March 13, 2012 at 9:39 pm (Uncategorized) (, , , , , , , , , , , , , , , , , , , , , , , , , , , )

Education today is still designed for a world in which all human intellectual development could, with the right effort, be understood in a lifetime.

That not being the case, we see lots of people paying a lot of time and money into their education, only to meet a market that is not interested in those skills – which is no wonder, given the large population of people with the same skills.

Maybe schools, universities especially, should start thinking of starting to offer a problem-based curriculum.

To give an example, there are millions of people suffering of Alzheimer’s disease. Thus, schools should offer a complete education on Alzheimer’s disease. What i mean by that is, like today’s “Medical School” there could be a “Alzheimer’s Disease Curriculum”.

As opposed to just training regular doctors, this kind of education could be cheaper to provide and easier to master. It would also give one the advantage in actually knowing a topic, instead of the jack-of-all-trades kind of medical training that is popular today, and is increasingly redundant with the patient being more and more informed.

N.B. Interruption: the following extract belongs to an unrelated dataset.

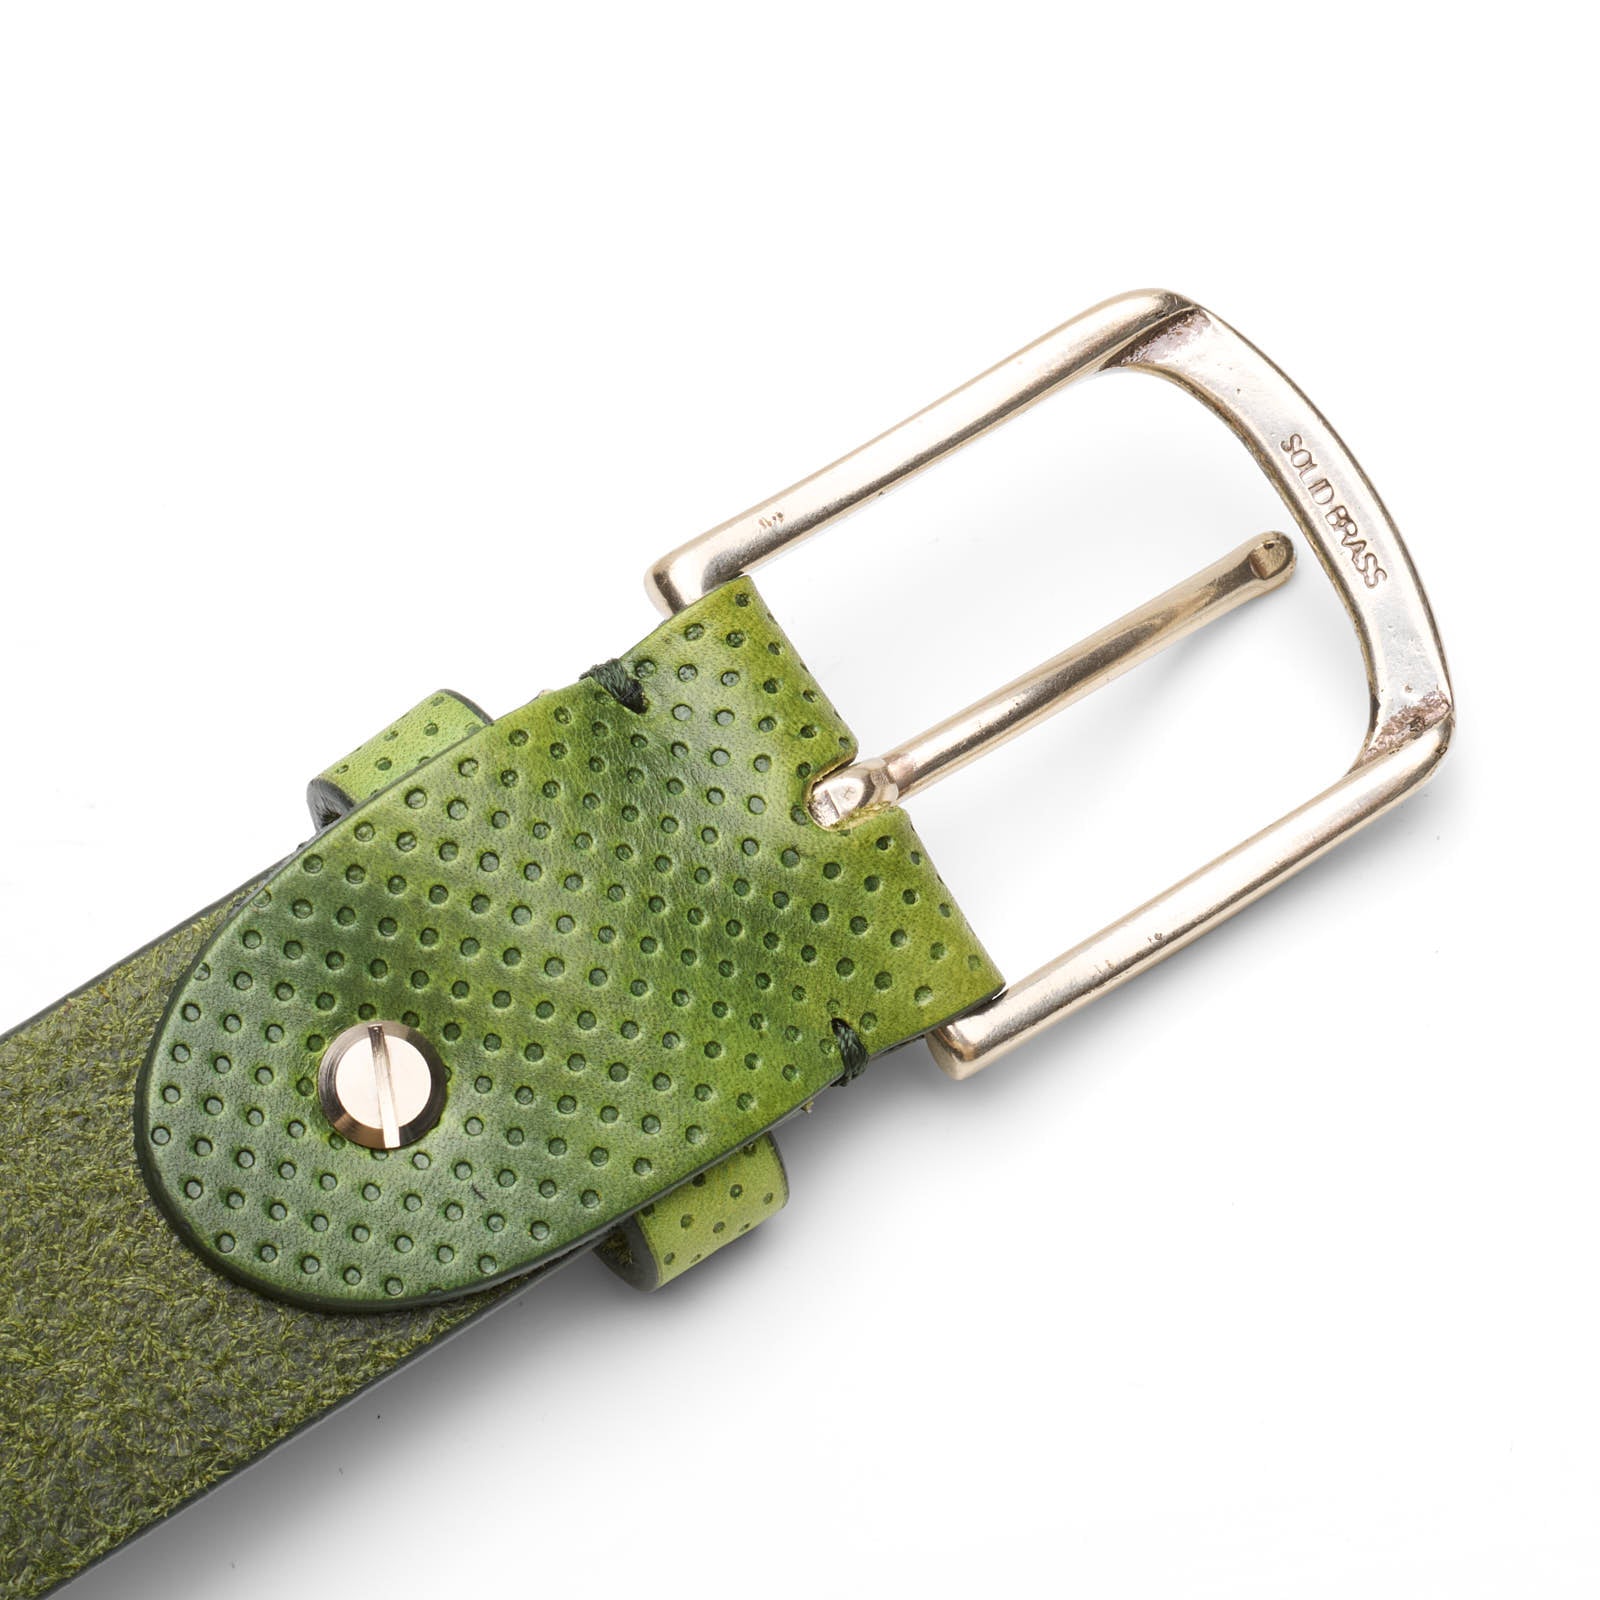 PAOLO VITALE Handmade Green Perforated Leather Silver-Tone Buckle Belt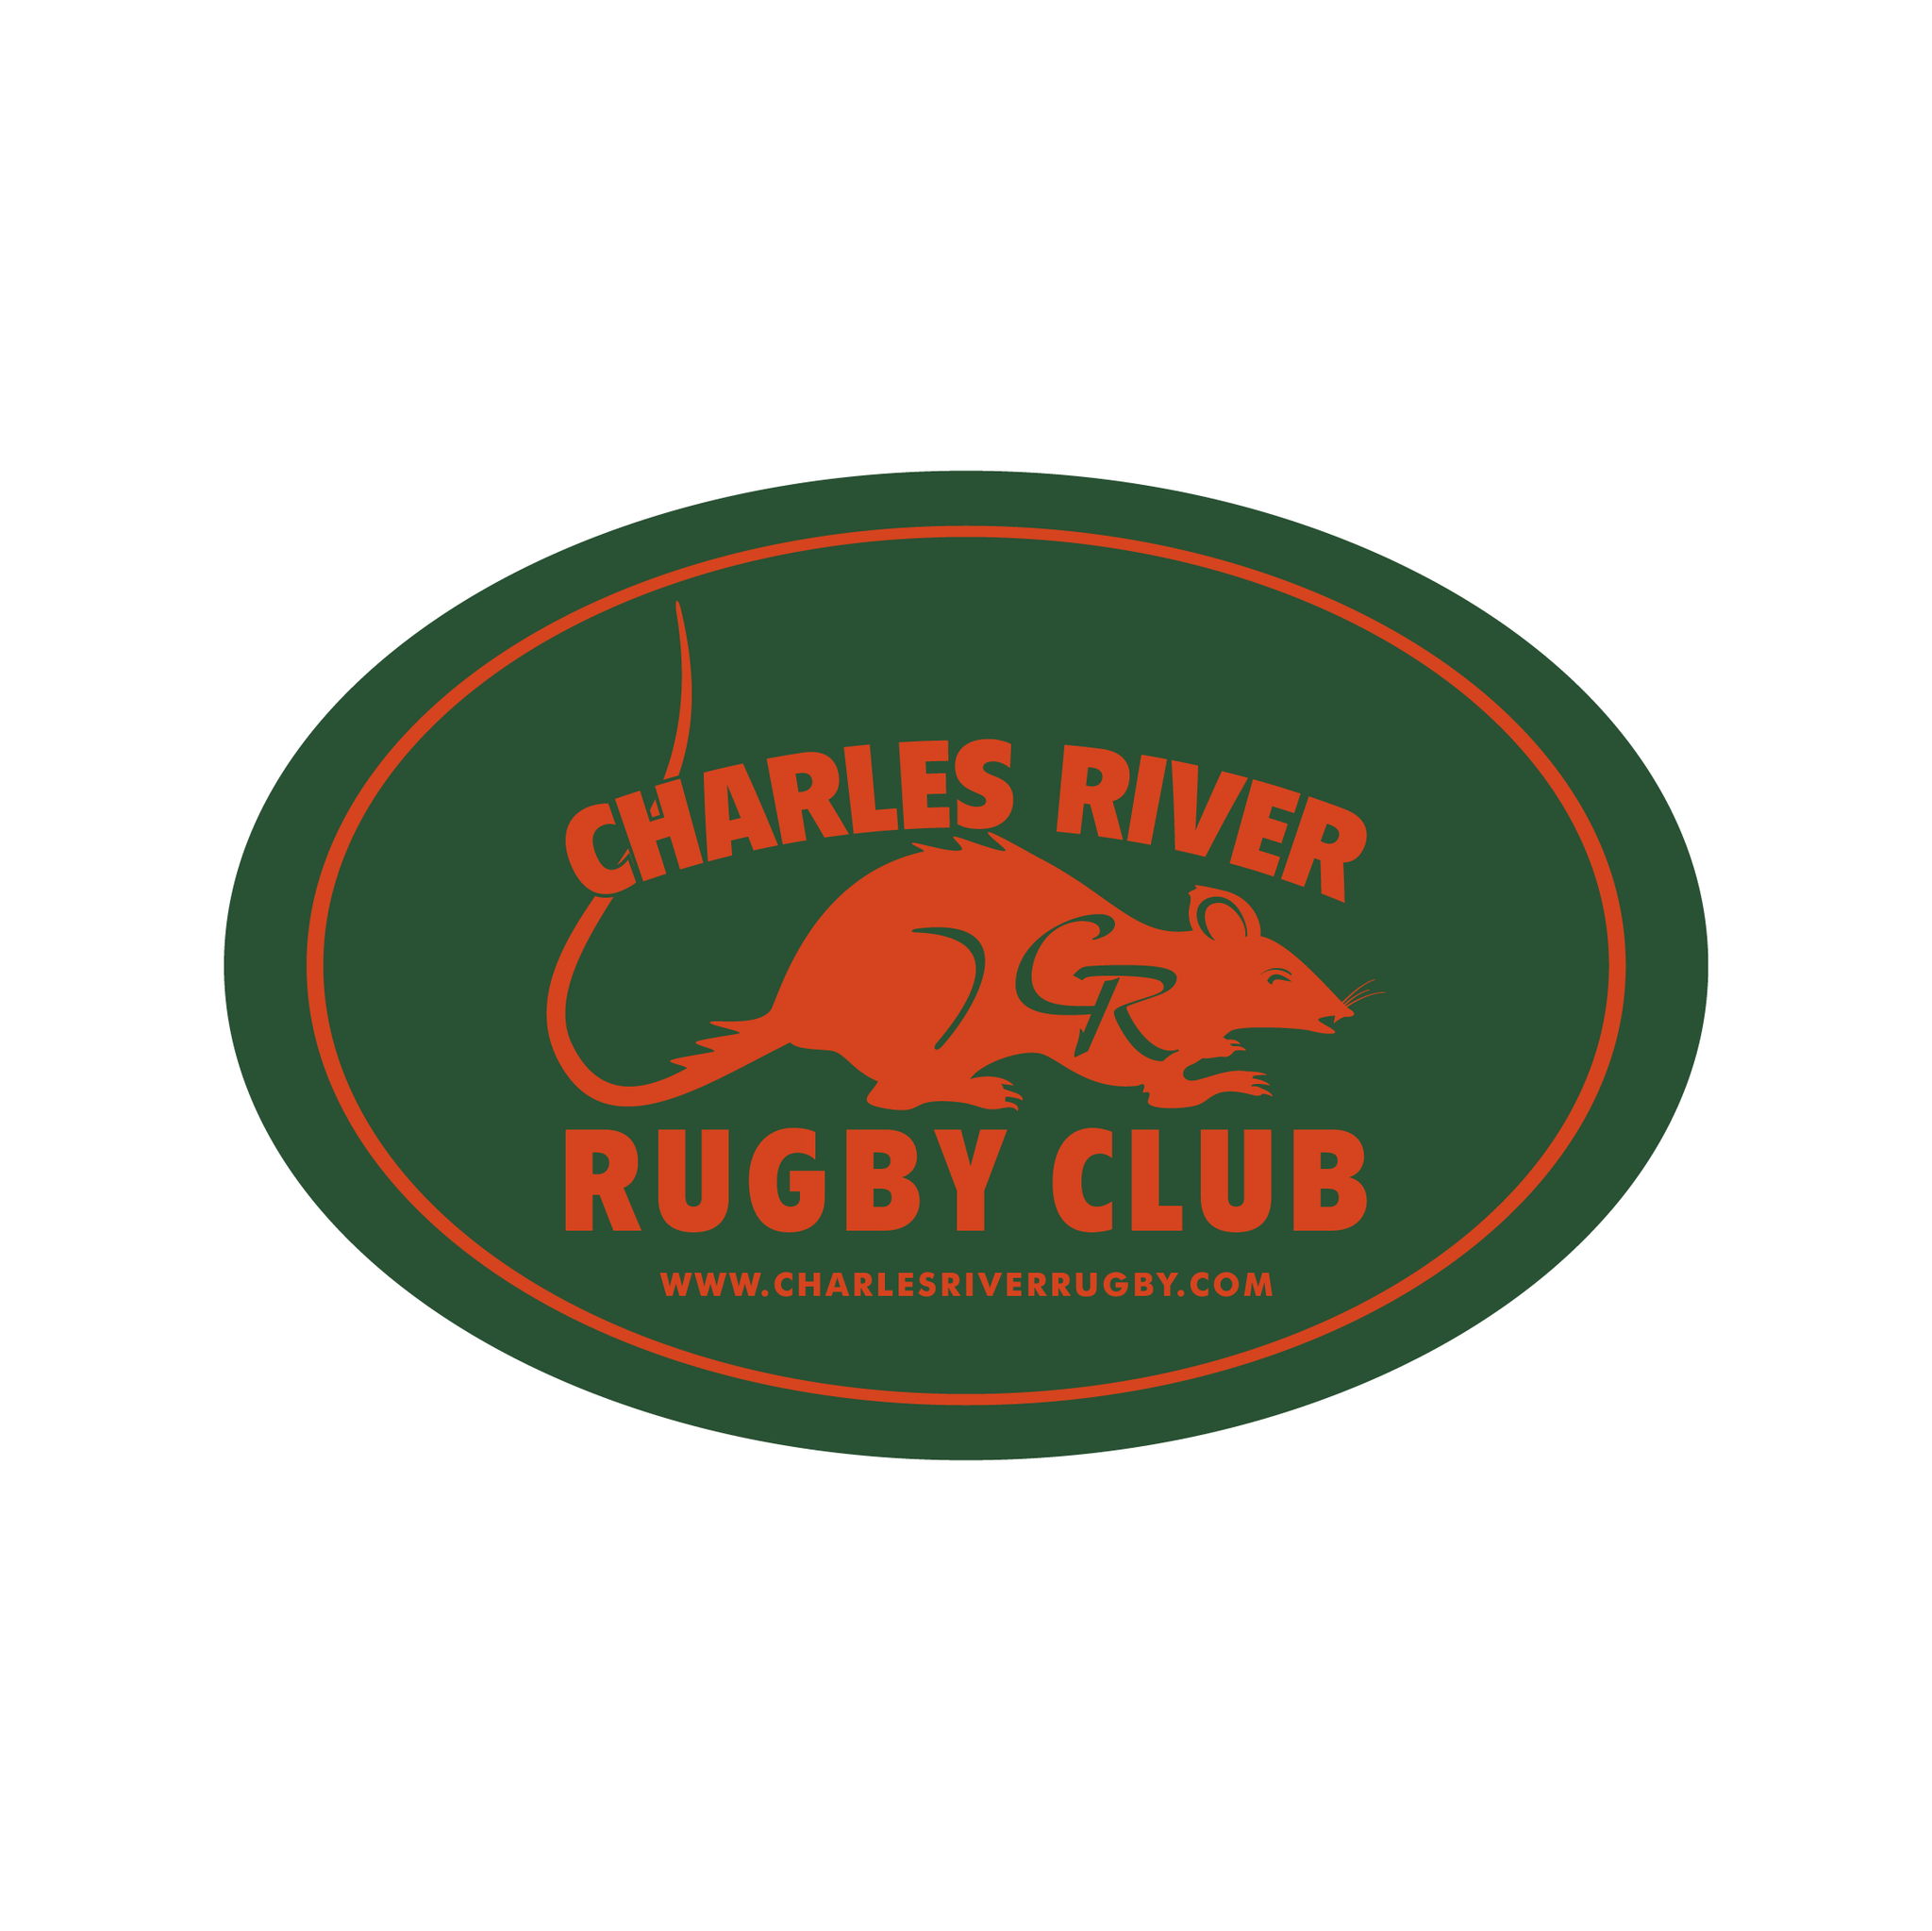 Charles River Oval Decal (STOCK)

Apart of being cheaper for schools to provide, it would be faster to finish (one could choose another topic if he was so inclined or in case the market should vanish; as is often the case today); there would only be a small amount of people with the same skills in the market, and thus they would be sought after.

The education would be goal oriented, thus faster development would be seen in areas where there are lots of patients – thus the “demand” would actually help fuel development in the area – towards the possible cures for the diseases! The most complicated diseases would also be desirable areas of study, since they would suggest a safe, long-term employment environment.